Antiochus sent thousands of well-armed troops to crush the rebellion, but after three years the Maccabees beat incredible odds and miraculously succeeded in driving the foreigners from their land. The victory was on the scale of Israel defeating the combined super-powers of today.

Jewish fighters entered Jerusalem and found the Holy Temple in shambles and desecrated with idols. The Maccabees cleansed the Temple and re-dedicated it on the 25th of Kislev. When it came time to re-light the Menorah, they searched the entire Temple, but found only one jar of pure oil bearing the seal of the High Priest. The group of believers lit the Menorah anyway and were rewarded with a miracle: That small jar of oil burned for eight days, until a new supply of oil could be brought.

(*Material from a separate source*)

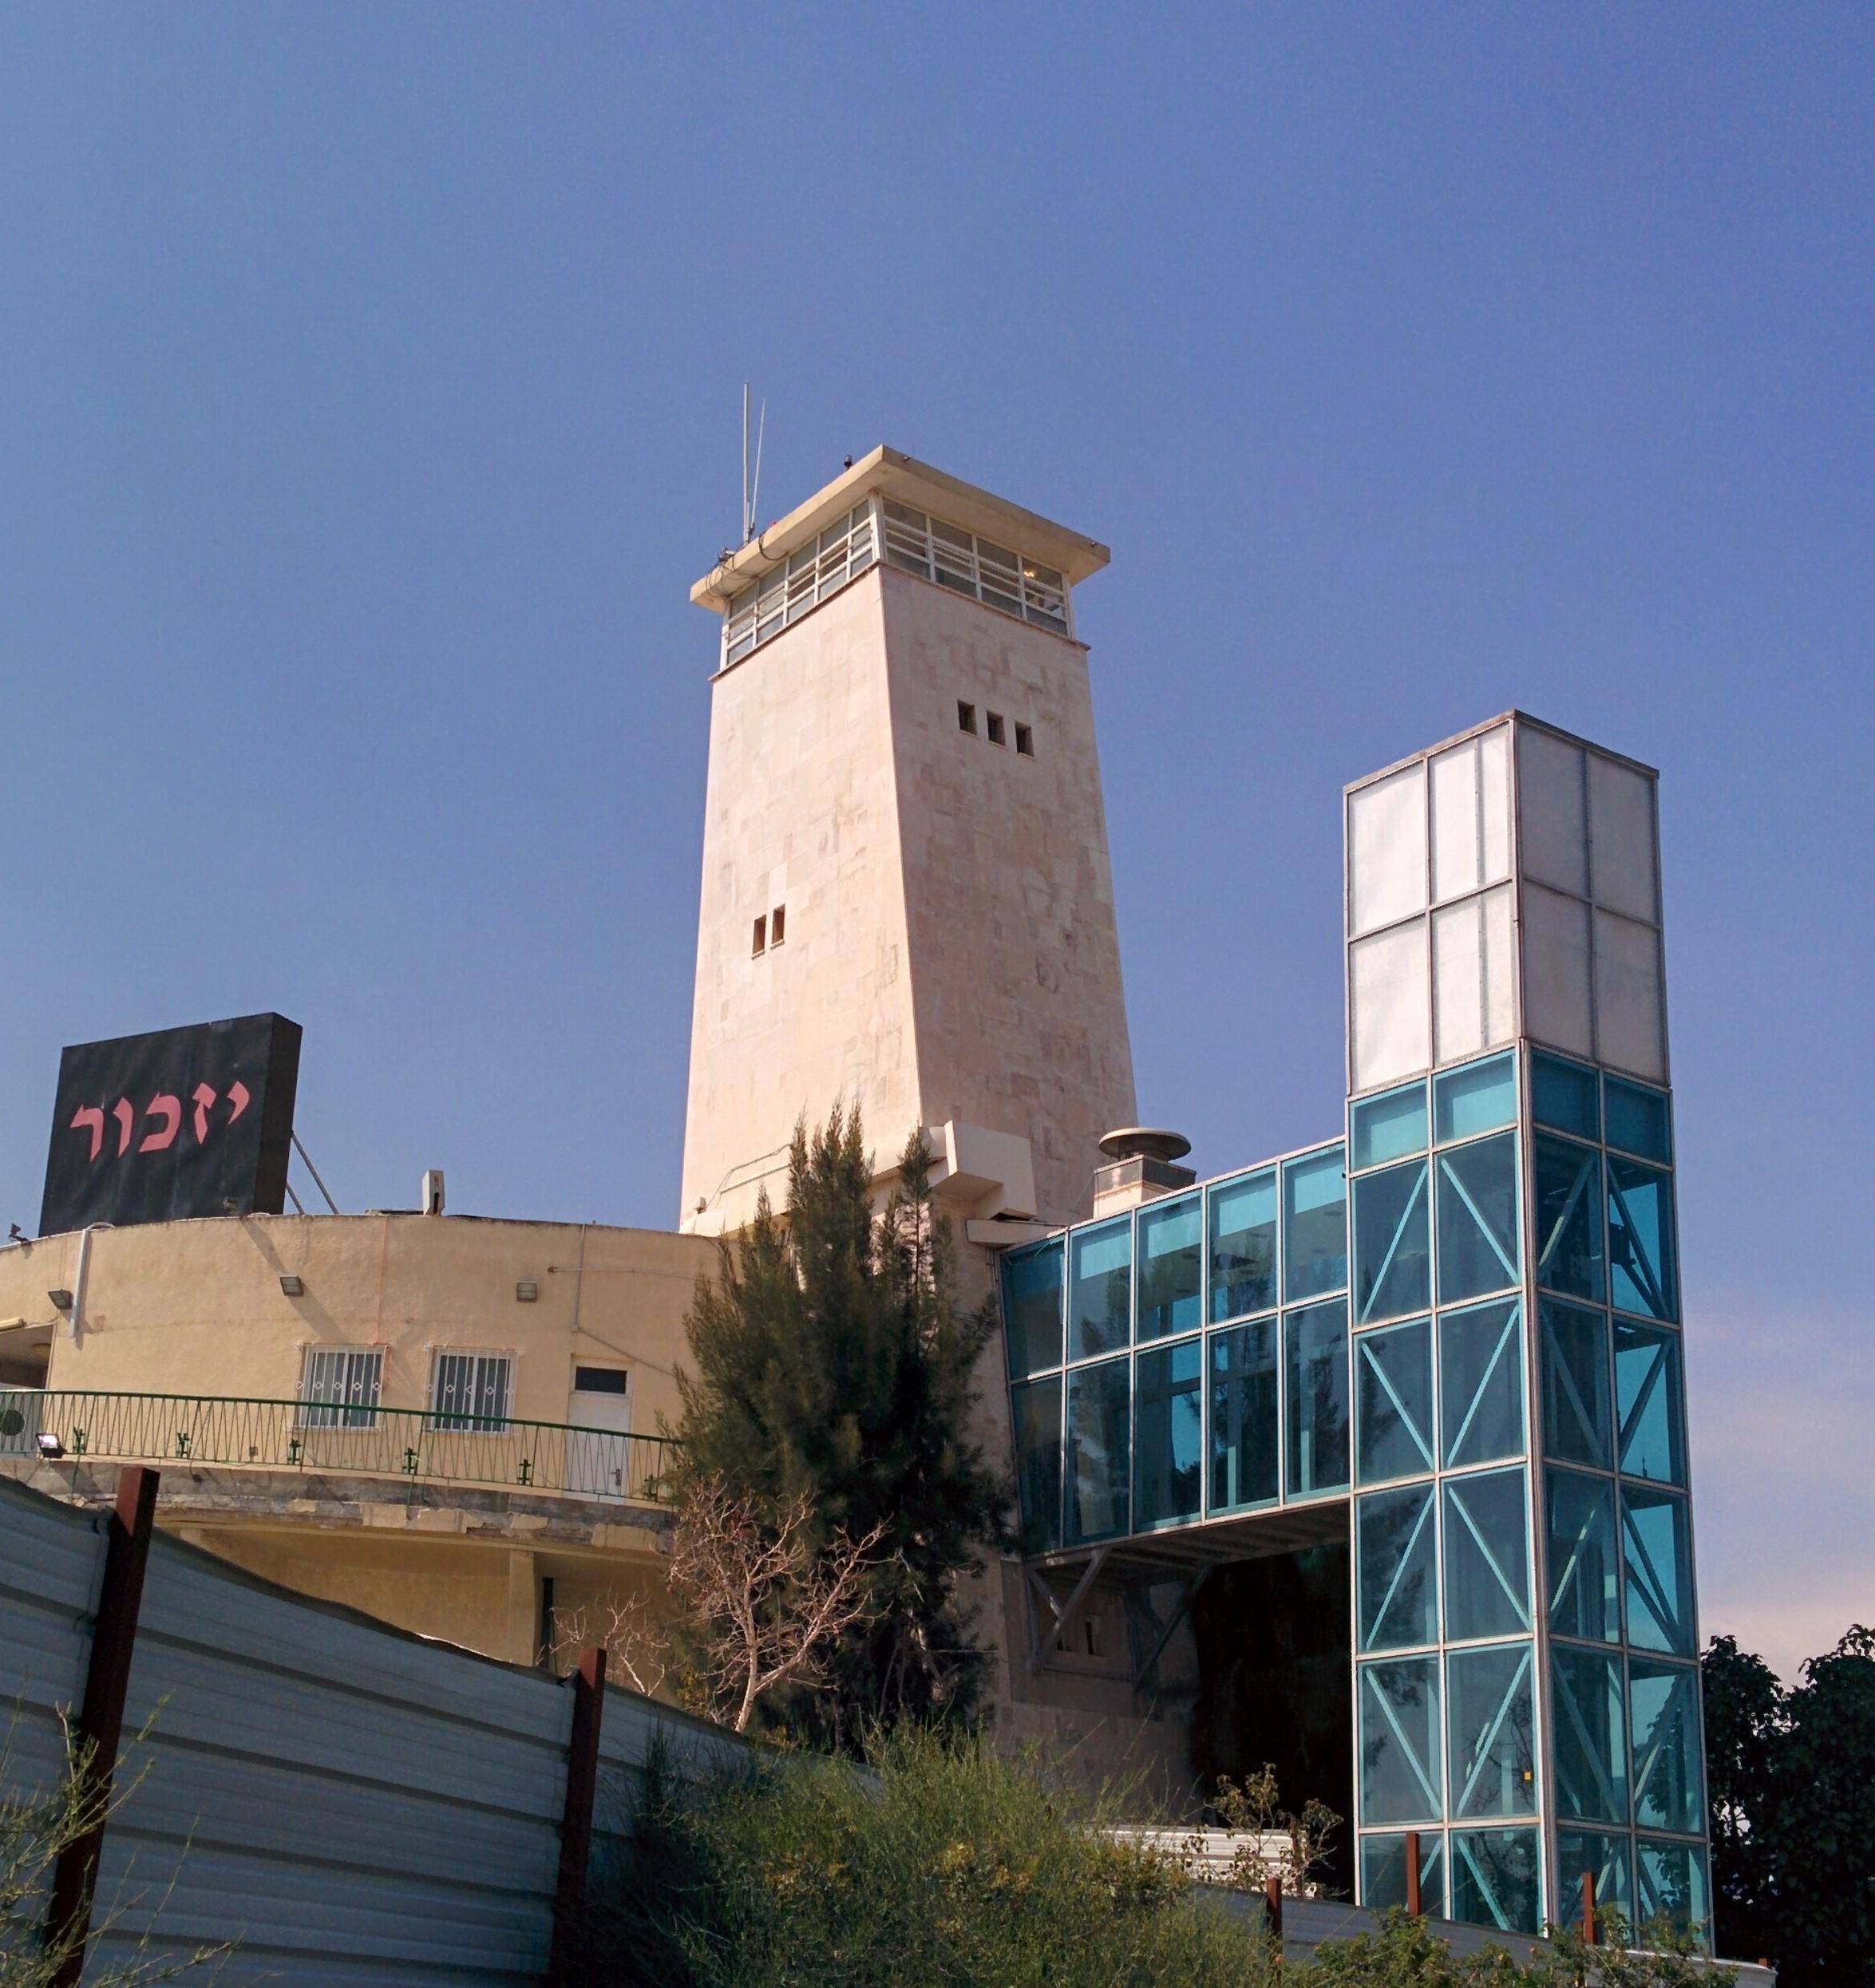 File:Beit Yad LaBanim, Ramat Gan.jpg - Wikimedia Commons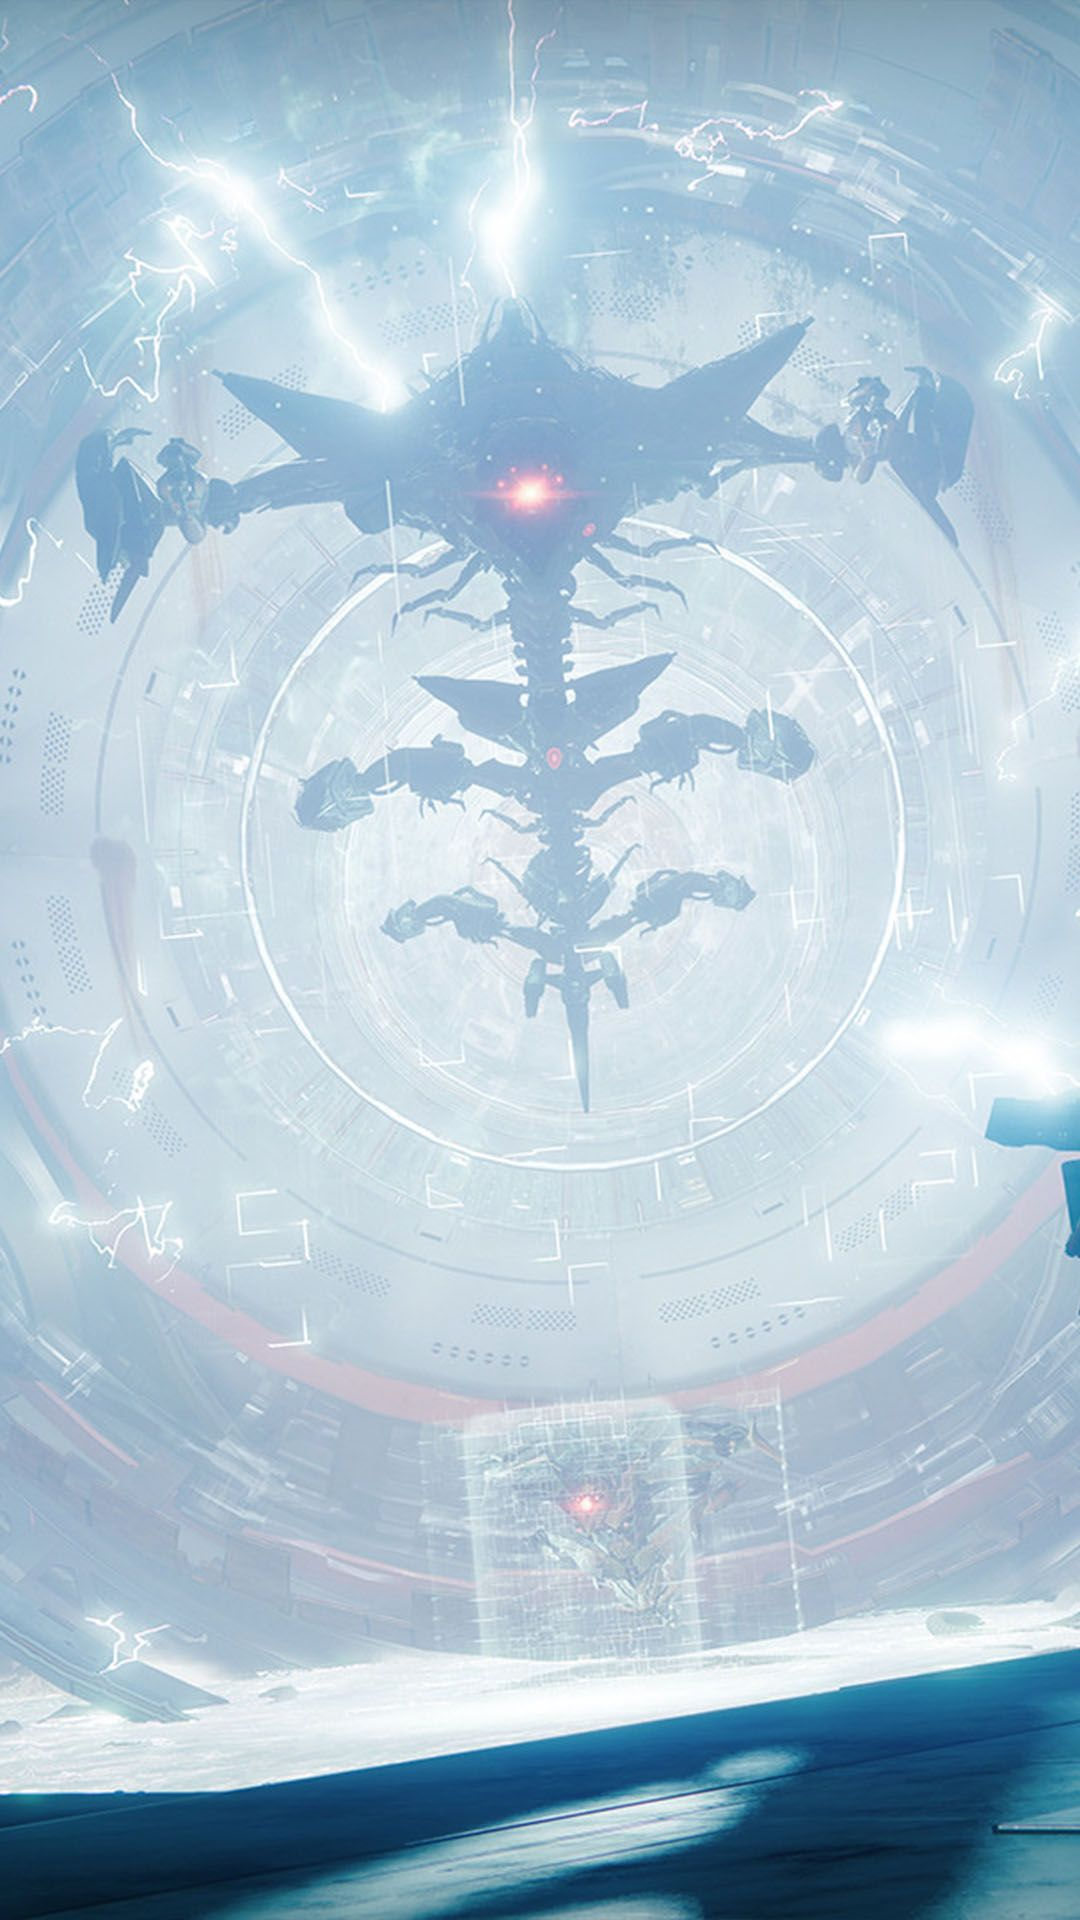 Destiny 2 Beyond Light 2020 New 4k Ultra Hd Mobile Wallpaper Wallpaper Destiny 2 Beyond Light Wallpaper Destiny 2 Beyond Light

From then on, Jews have observed a holiday for eight days, in honor of this historic victory and the miracle of the oil. To publicize the Chanukah miracle, Jews add the special Hallel praises to the Shacharit service, and light a menorah during the eight nights of Chanukah.

There are several customs associated with Channukah, chief amongst them eating foods made with or fried in oil (to commemorate the miracle of the jar of oil) and playing with the dreidel, a little spinning top. According to tradition, under Greek rule it was forbidden to study Torah, so students would gather in secret. If they were discovered by the Greeks they would pull out dreidels and pretend to be gambling or playing games.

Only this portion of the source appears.